Islands’ sakes, he was supposed to fight this warrior-chief in his condition? Ardan did not fancy his chances. Nevertheless, he offered his biggest, most confident smile yet, and said, “Ah, if my greatest folly was to remark upon a Warlord’s beauty, I shall die a contented man.”
“Let’s see if you can manage to fall to the ground … alive.”
That added an unwelcome perspective on her game. Kylara intended to kill him. No hint of mercy lightened her foreboding gaze. Ardan flipped his blade upright, ears throbbing, feeling strangely light-headed and reckless. If today was the day to spill out his life, so be it.
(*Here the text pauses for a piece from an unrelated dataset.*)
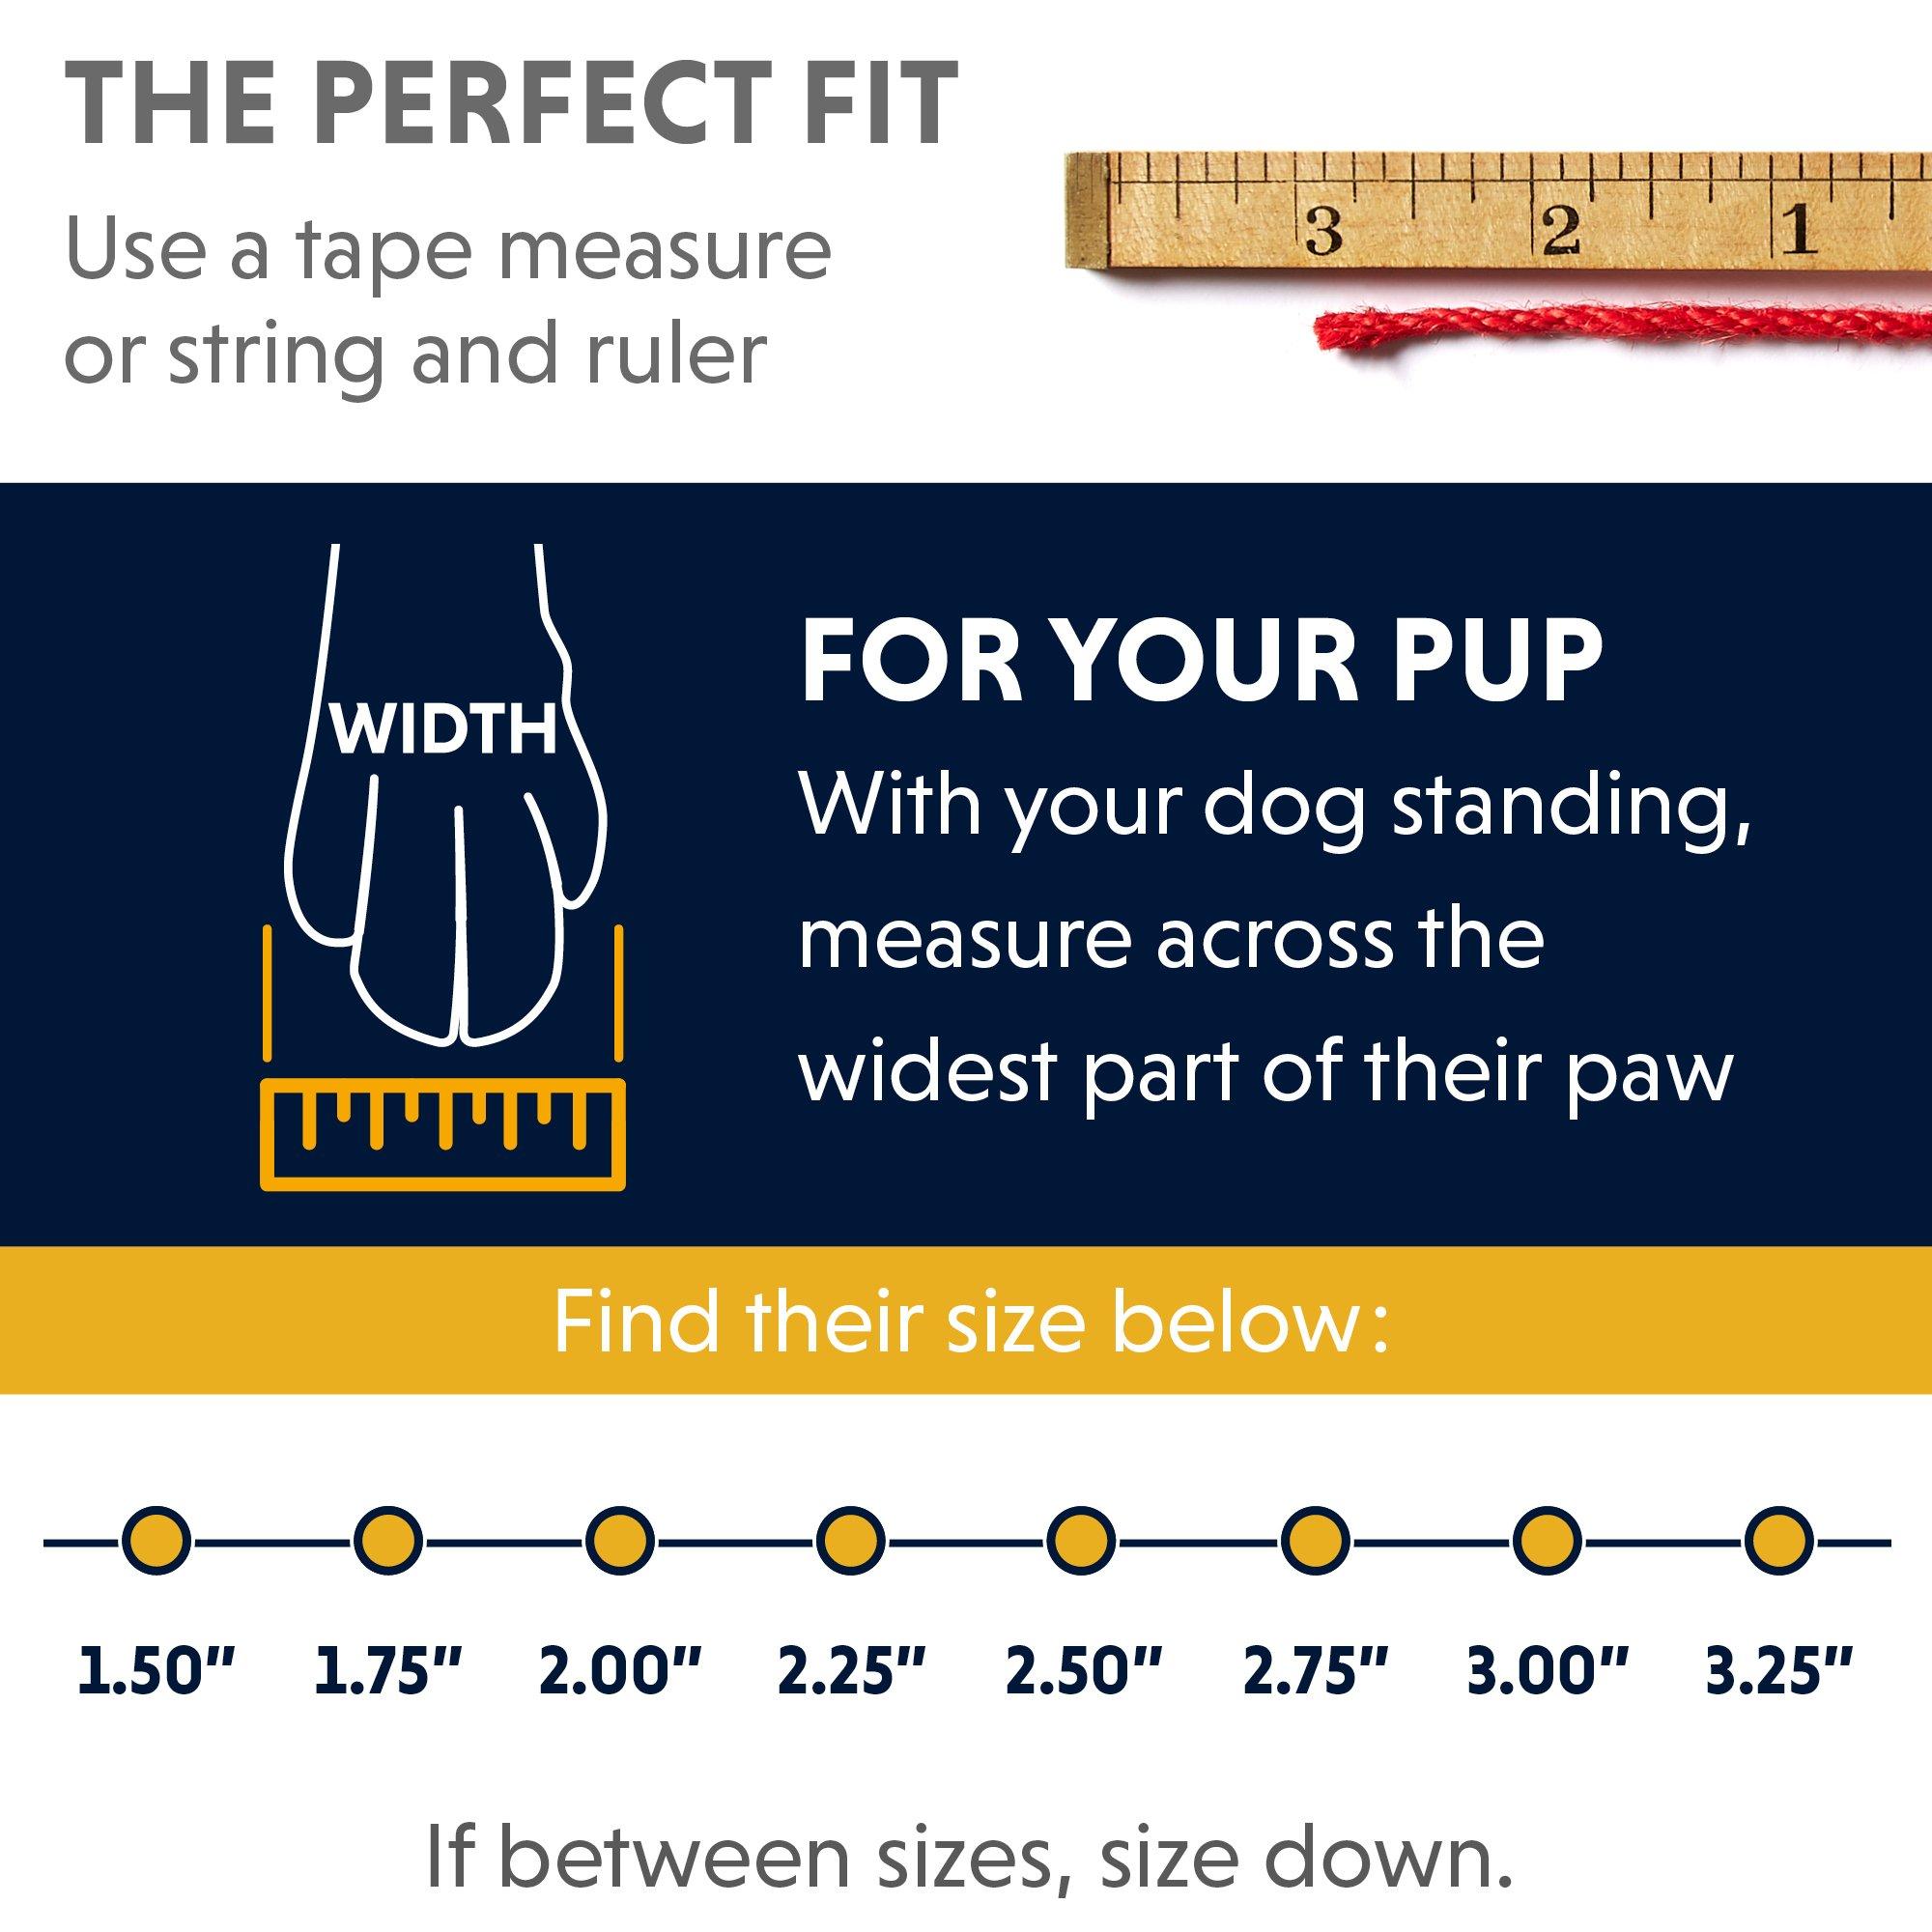 RUFFWEAR 15202-001300 - Grip Trex, All-Terrain Paw Wear for Dogs, Obsidian Black, 3.0 in (Set of 4) by RUFFWEAR (Image #4)
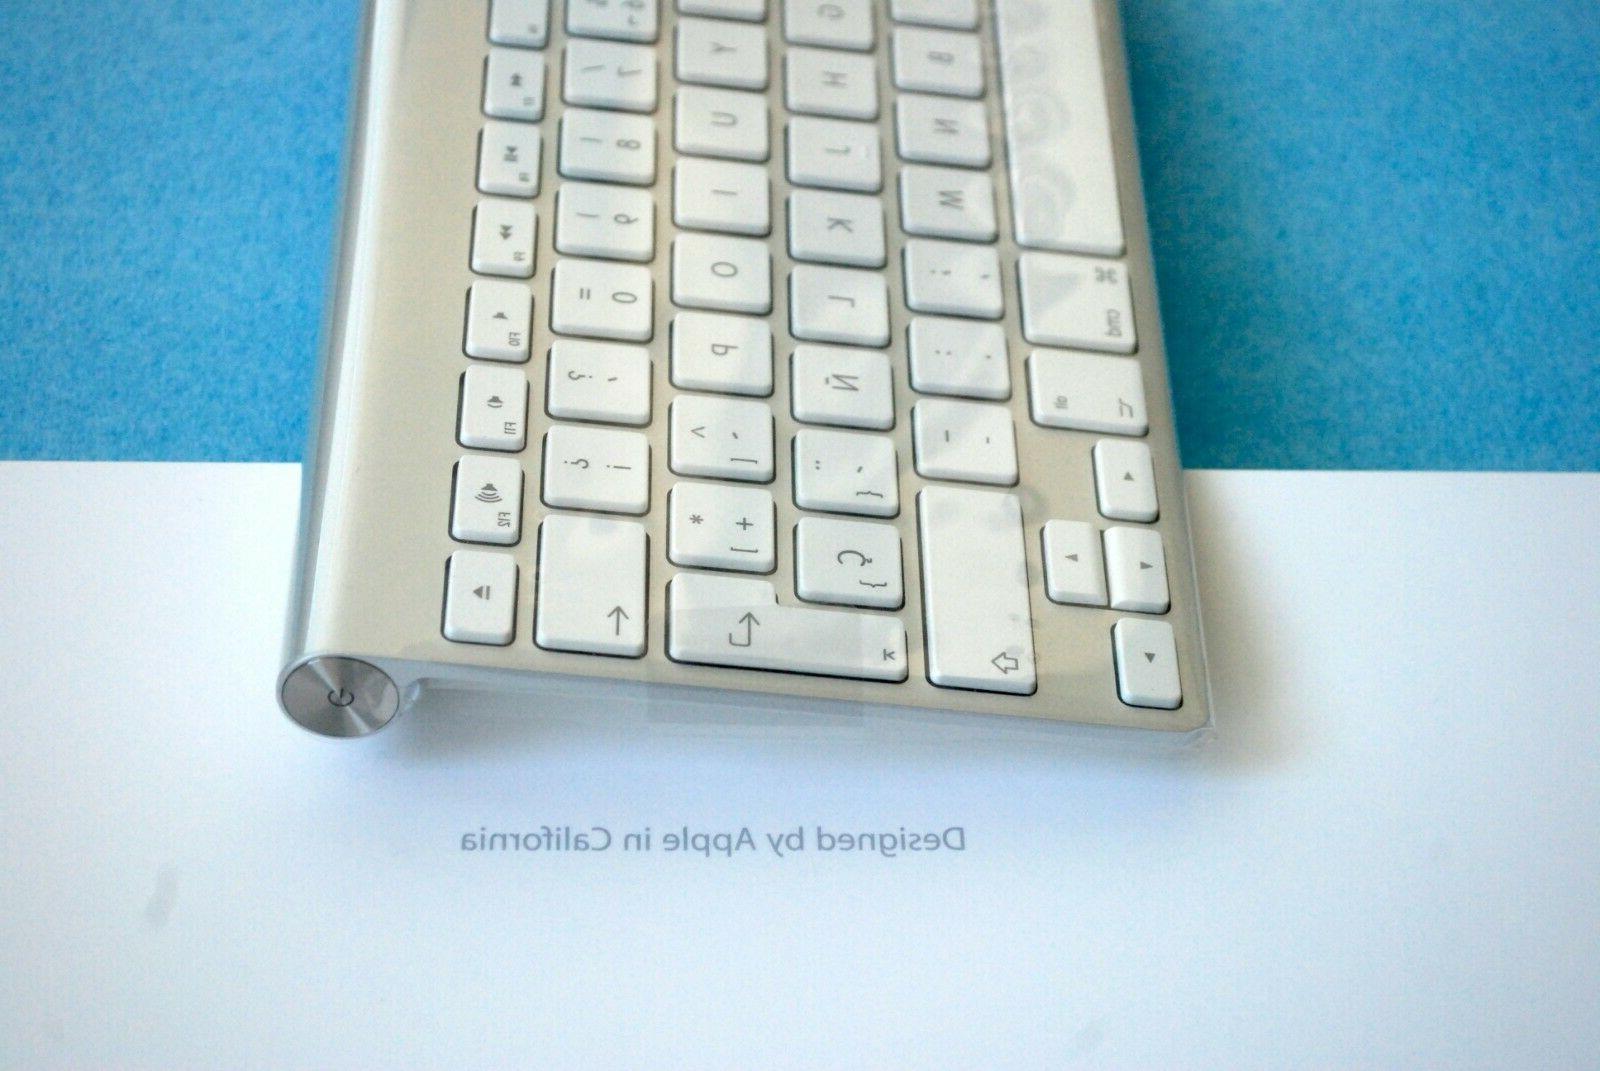 New A1314 Wireless Keyboard MC184LL/C

He crossed scimitars with the Warlord.
Kylara attacked first, as he expected, but not how he expected. Pain stabbed into Ardan’s knee as he hopped over the low swing of her booted foot. The scimitar swished past his head. Had he not been clean-shaven all over his scalp already, he would have been after that first stroke. By the Islands, she was fast! He touched his pate. It was stubbly, but not to the point of many days of hair-growth. He must have been somewhere civilised of late. Their blades scraped together. He eased into the duel, trying to read her style. Kylara appeared to be the all-offence type of duellist–and he did not trust that assessment as far as he could throw a ralti sheep.